For simulation runs with a constant opacity of κ = 0.01 cm2 g−1, the gas gaps are optically thin and the planetary envelopes are completely enclosed by their τ = 1 surface integrated from infinity towards the midplane. The luminosity that we estimate is lost from this τ = 1 surface corresponds well to the mass accretion in accordance with Eq. (16). We therefore use it as a tool to understand the simulation behaviour when deepening the gravitational smoothing length, while remaining numerically converged.
We then observe that deepening the gravitational potential increases the internal energy content of the envelope more than it does the luminosity. As a consequence the accretion rate decreases for a deeper gravitational potential, consistent with Eq. (16). A signature of this increasingly energetic envelope is the flattening out of its potential temperature gradients which leads to less and less systematic inflow into the envelope.
Extrapolating the smoothing length rs to a more realistic size of ~ 1 rJ, we obtain an accretion rate of 10−3 m⊕ yr−1 for a low opacity κ = 0.01 cm2 g−1.

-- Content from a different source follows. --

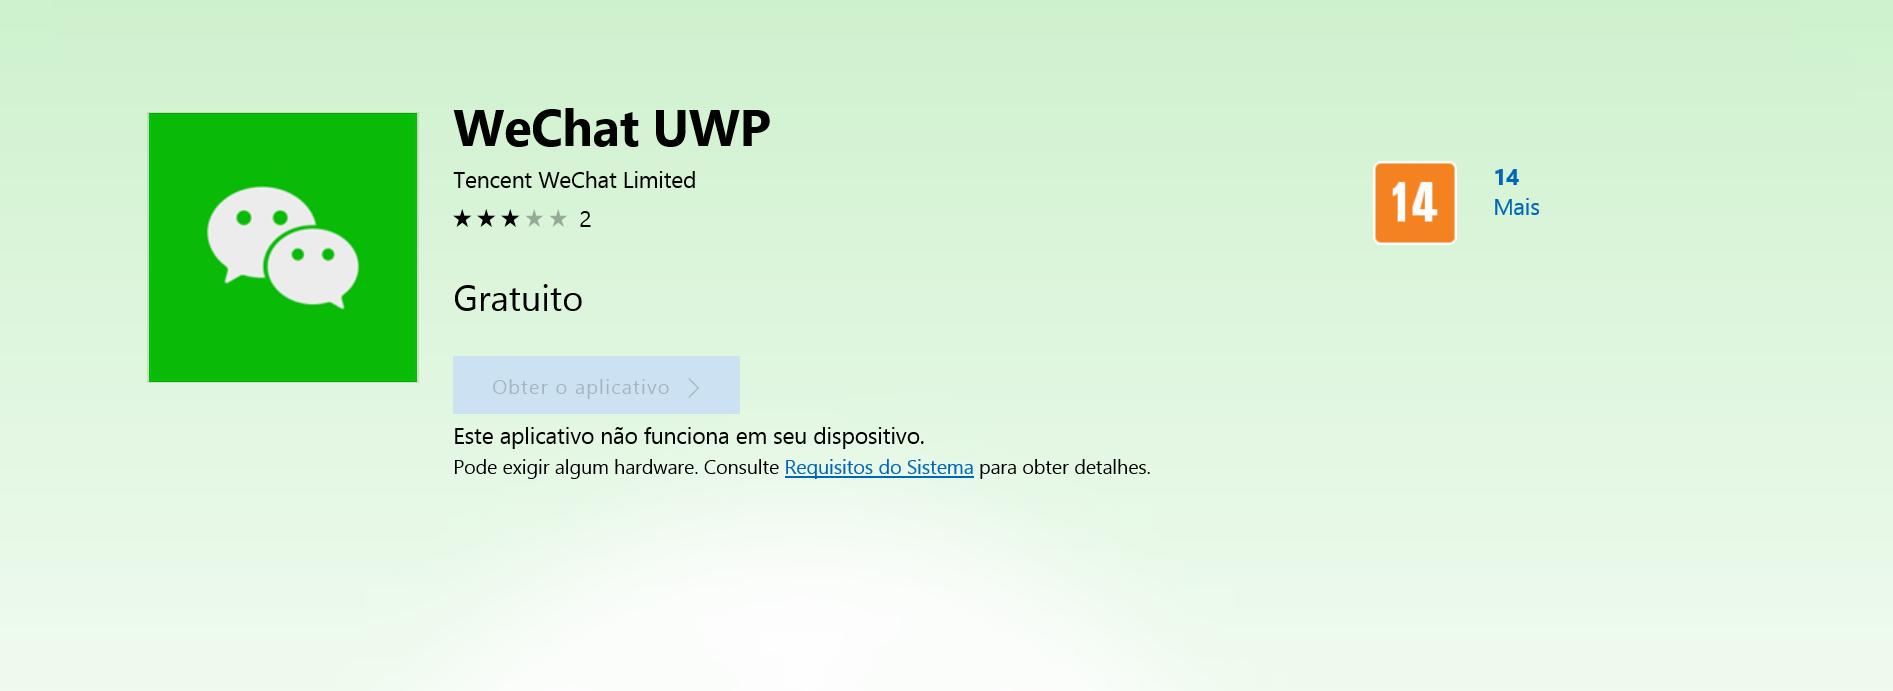 We Chat apresenta o We Chat UWP

Using constant opacities we find that for high opacities, planetary envelopes remain spherically symmetric and connect smoothly to the disc. At low opacities, the planetary envelope possesses a more complex structure determined by radiating away pressure support and replacing it with centrifugal rotation. The envelope then also possesses a completely enclosed optically thick surface, thus disconnecting it from the disc in terms of radiative energy diffusion.
The scaling of the accretion rate with constant opacity is ṁ ~ κ−1∕4. Considering the agreement of our results with the results from Ayliffe & Bate (2009), this is likely to be an intermediate result between ṁ ~ κ−1 for low-mass planets and ṁ ~constant for Jupiter-mass planets. An investigation of accretion rates versus planetary mass was beyond the scope of this paper and is deferred to a future study.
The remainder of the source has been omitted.